From Sharecropping to the Voting Booth in 3 Generations

Diversity in literature is about more than just authorship and characters’ skin tones. Cultures generate unique storytelling strategies that are often overlooked or afforded less critical significance than white, Western master narratives.

The award-winning collaborators Andrea Davis Pinkney and Brian Pinkney excel at presenting biographical tales rooted in Black culture’s oral histories, theater, poetry, music, art. Complex and evocative, “Loretta Little Looks Back” spans three generations of children in one fictional Mississippi family enduring a new type of enslavement (sharecropping, under the Jim Crow laws of segregation) and ultimately triumphing over new types of voter suppression (a literacy test and a poll tax).

Based on interviews and oral histories culled from sharecroppers who lived in the South in the 1920s through the 1960s, including Andrea Davis Pinkney’s own family members, the novel interweaves the voices of Loretta (speaking from 1927 to 1930); her little brother, Roly (1942-50); and Roly’s daughter, Aggie B. (1962-68).

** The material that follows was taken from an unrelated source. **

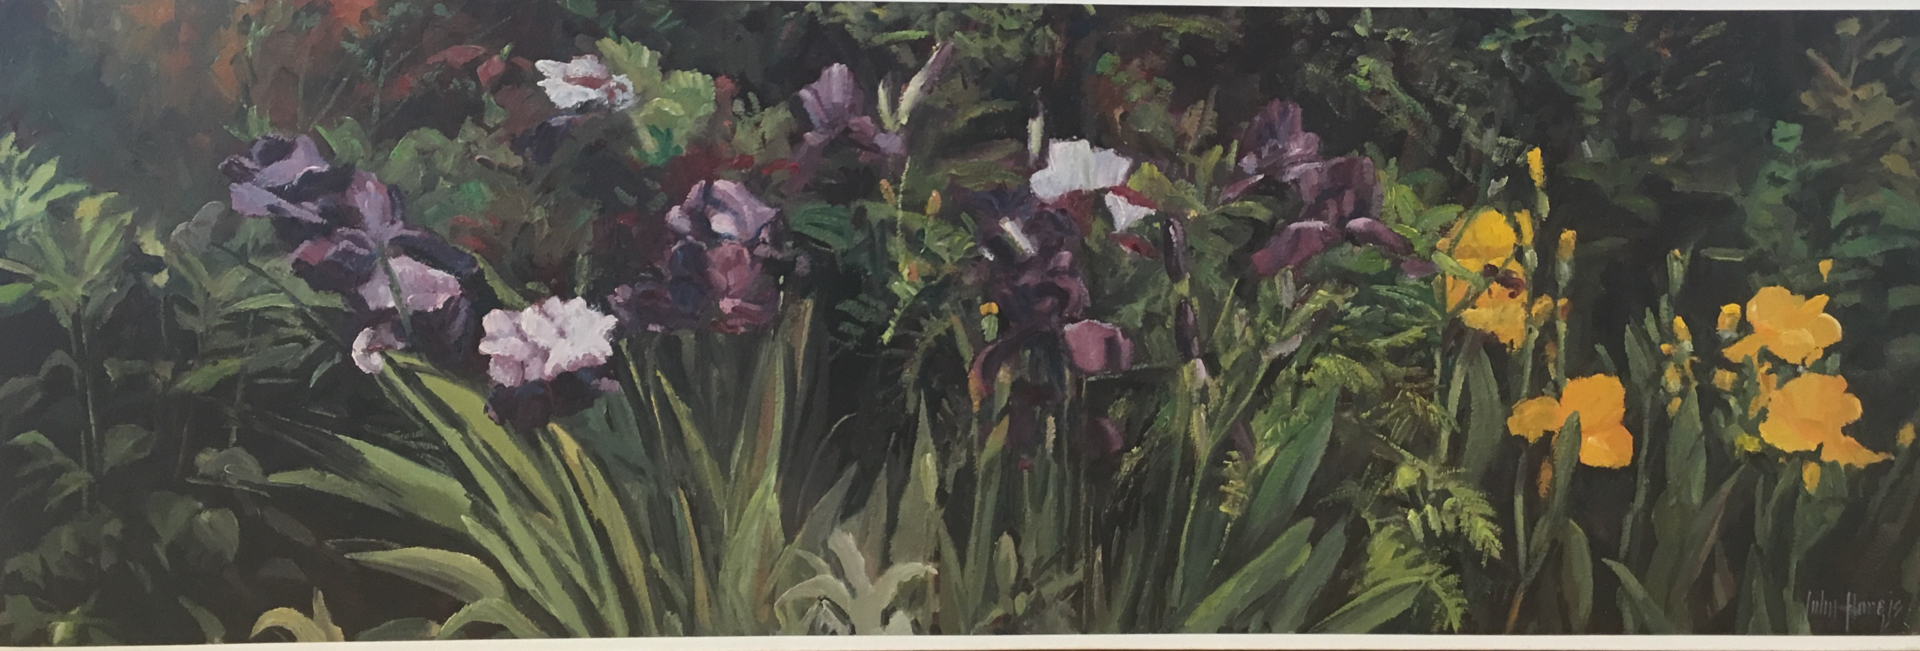 Iris Garden by John Horejs

They represent the many who bore witness, from a child’s-eye view, to trauma. Pinkney’s subversion of adult perspectives and leadership proves all the more powerful when Aggie B. (“B” for bold) becomes the first in the family to volunteer as an activist, the youngest in her town to help register Black people to vote.

Like scenes in a play, each chapter begins with setting, time and action, some literal and specific (as in “Holly Ridge, Miss., September 1927,” where we find Loretta standing in a cotton field), others not: “Someplace between here and the other side of tomorrow. Shrill sirens wail. Flashing lights. Red. White. Blue. Aggie is on her knees, buckled over, hugging herself tightly, working hard to breathe.”

Sparkling with Southern diction and rhythms, peppered with poems and songs, Pinkney’s monologues invite readers’ out-loud participation. “Some say, this what they call oration,” Loretta announces. “I call it truth-talking.”

One point could use a footnote. Emmett Till, the 14-year-old Chicago boy murdered in Money, Miss., while visiting his cousins, is briefly referred to this way by Roly: “The child’s crime was making eyes at a white woman.” In 2017, at 82, the white woman, Carolyn Bryant, admitted she’d falsely accused him — though Roly, in 1955, couldn’t have known she had lied.

An orphan “found in a bed of hay,” Roly is a “Night-Deep child” (out of African diaspora folk magic) with “a special connection to the earth’s abundance and its creatures.” His gifts lift the Littles from sharecroppers to landowners, thus providing sustenance for generations.

Brian Pinkney perfectly marries art to his wife’s prose. Circle-shaped watercolor and India ink images capture her vignettes’ drama, spotlighting the players.

The novel’s back matter is a treasure trove: an article about Southern sharecropping, a salute to the real-life heroes in the book (Cassius Clay, Wilma Rudolph, Fannie Lou Hamer, Martin Luther King Jr.), a photo of Andrea Davis Pinkney’s extended family that puts faces to the people who inspired her characters.

Aunt ’Retta, Pa Rollins and Aggie B. conclude her ambitious montage as a chorus. Aggie B. sings out: “My eye is on what’s happening next. / On freedom. / On hope. / On the vote.” Black voices, “go tell it” for the world to hear.